Накинув на плечи серую шубу, маркиз встряхивает седой головой и превращается в крысу. Все на месте — эполеты, аксельбанты, ордена на шее и на лентах, но шея покрыта шерстью, а морда — в грязно-сером пуху.
— Наши корабли мало бывают в море, — продолжает Торсои. — Корабли гниют на якорях…
— Верно! — восклицает капитан-командор Головнин. — Наши корабли подобны распутным девкам, которые набелены снаружи, но сгнивают внутри от болезней!
— Прекратить! — визжит крыса и вскакивает, готовясь к прыжку.
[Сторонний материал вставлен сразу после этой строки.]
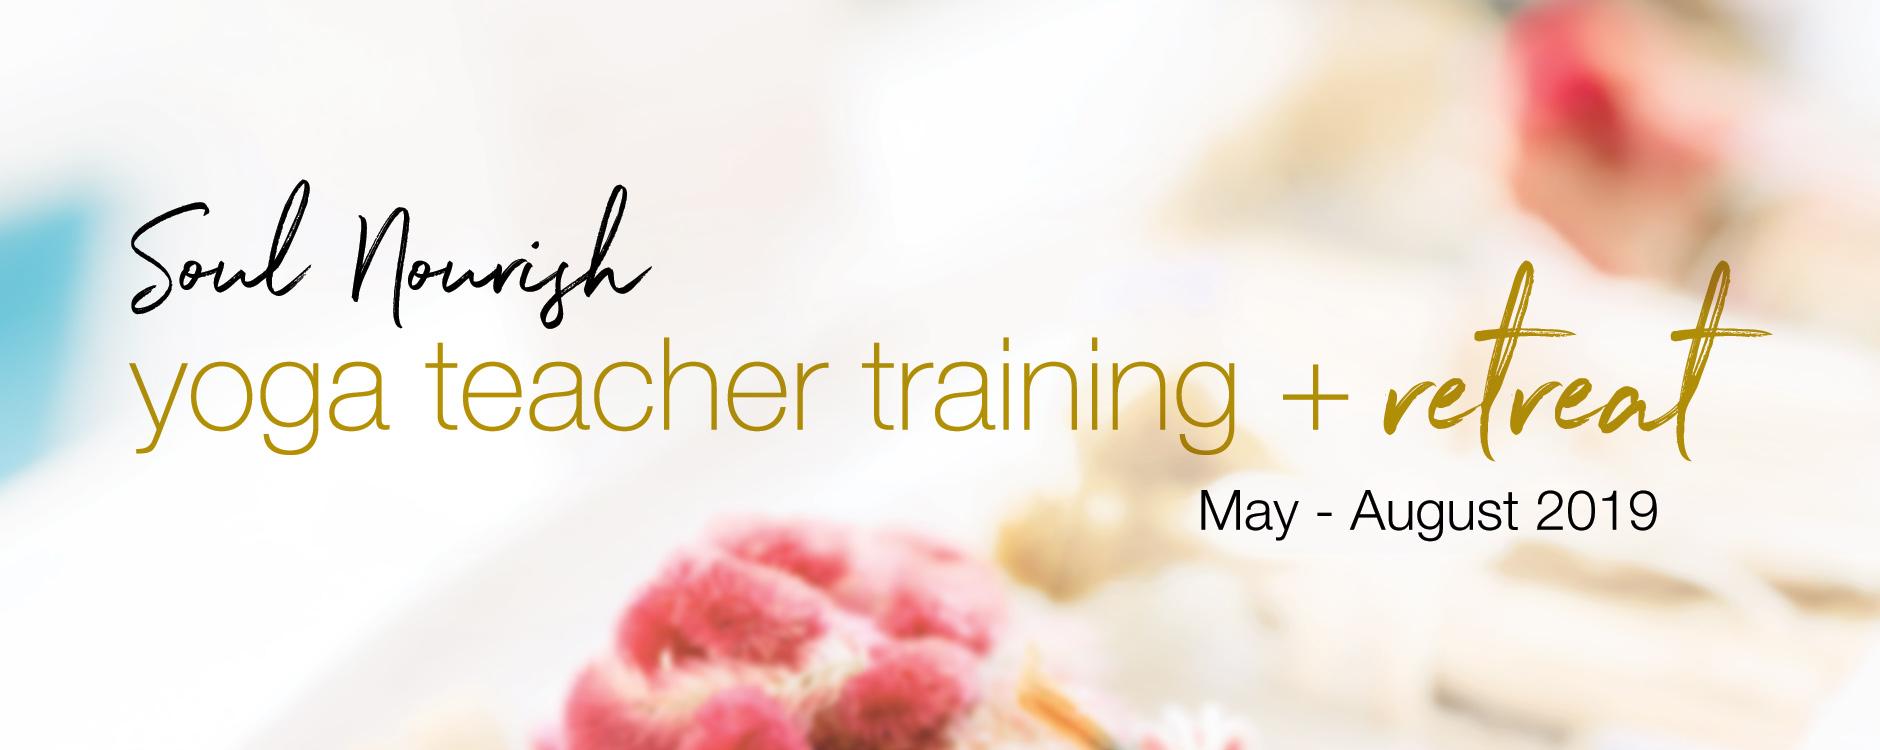 Soul Nourish Yoga Teacher Training
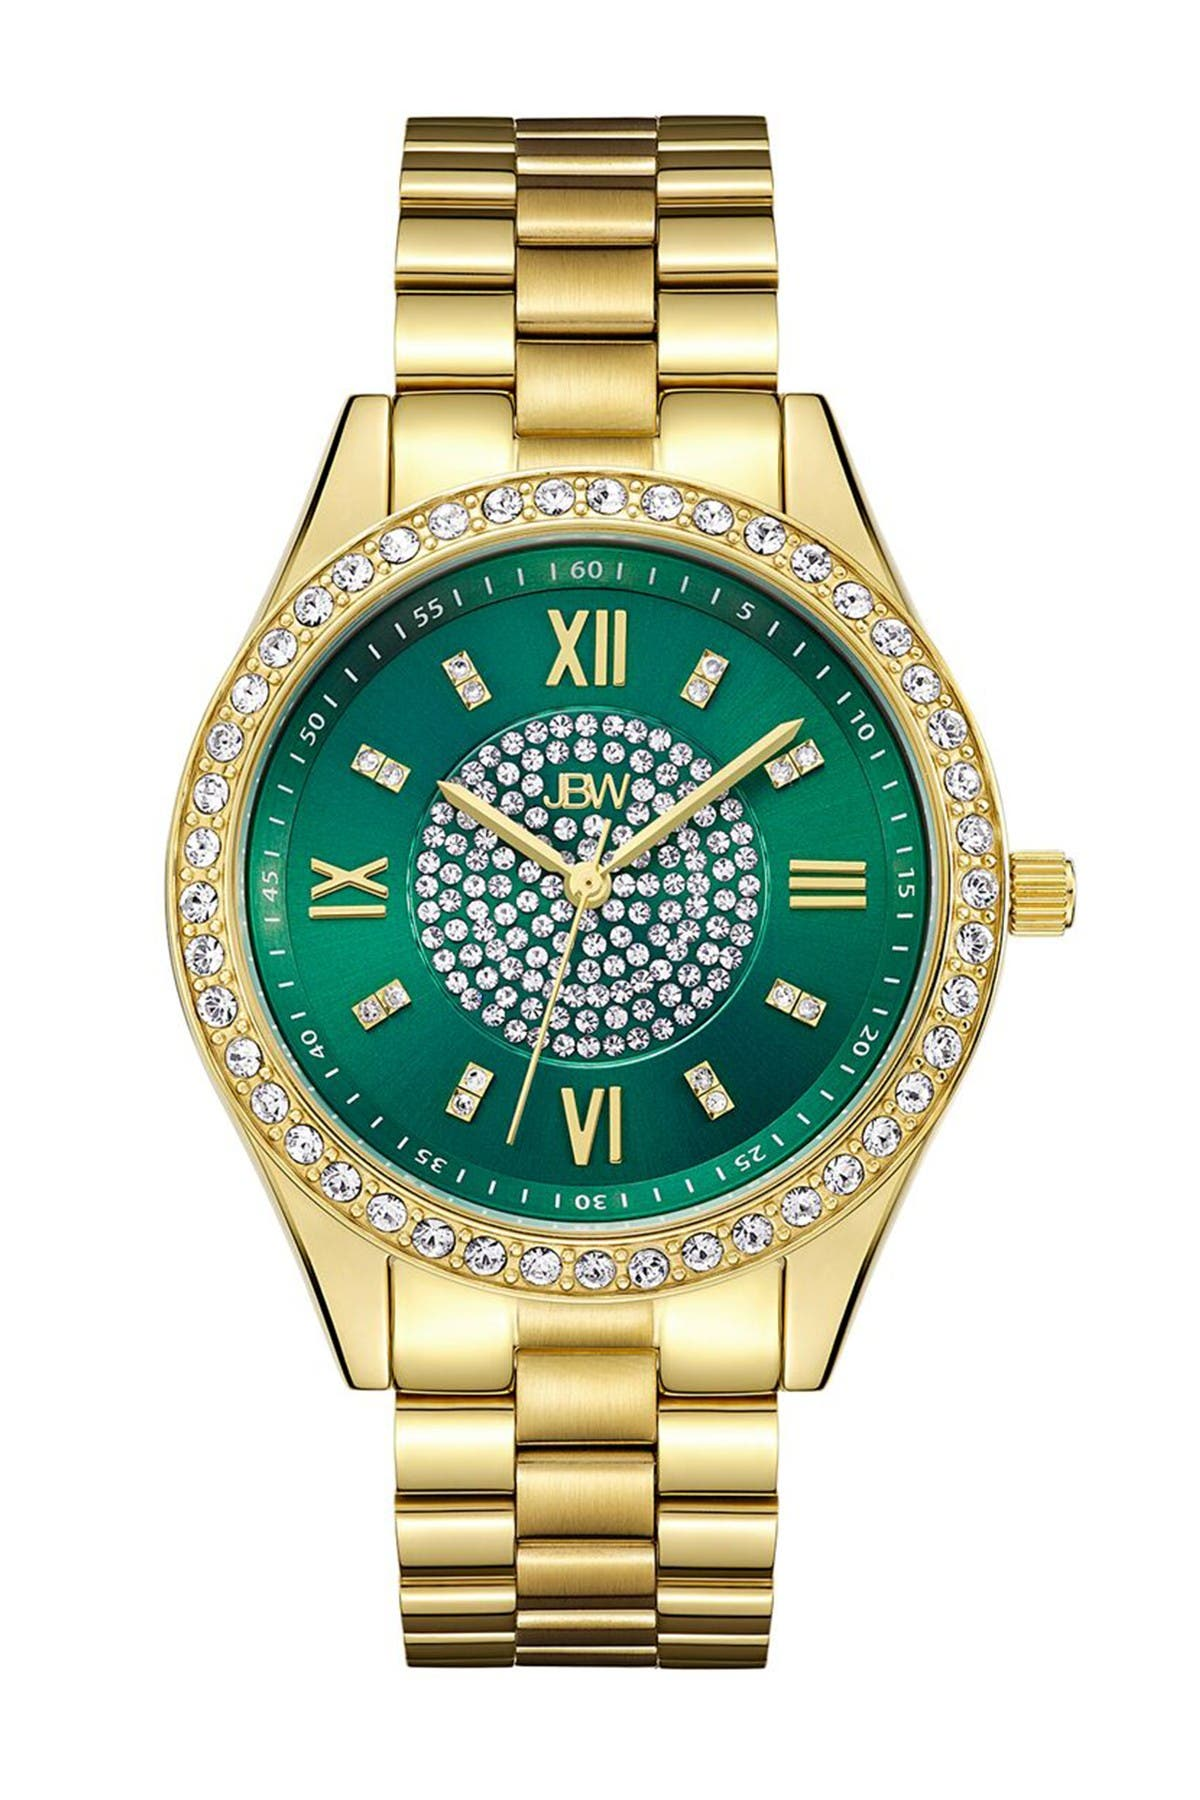 Image of JBW Women's Mondrian 18K Gold Plated Stainless Steel Diamond Bracelet Watch, 37mm - 0.16 ctw

Адъютант маркиза бросается к кафедре, по-собачьи скаля зубы, и начинает лаять.
— Цыц, Борзя! — слышится голос Шершнева. — Кто там?
— Это я, — отвечает Елизавета с улицы.
— Заходь скорее, выстудишь тепло.
— Как Михаил Александрович?
— Все мается, бредит, бедняга…
Услышав это, Бестужев снова впал в горячечное забытье.
— Успокойтесь, пожалуйста, — наклонилась Елизавета, прикладывая к его лбу мокрую тряпку.
— А, это ты, Анета… Исполни нашу мелодию…
Елизавета растерянно глянула на Шершнева, тот подал ей гитару и шепнул, чтобы сыграла что-нибудь. Она взяла ее и стала подбирать мелодию, которую слышала от Бестужева в ту ночь, когда была у него.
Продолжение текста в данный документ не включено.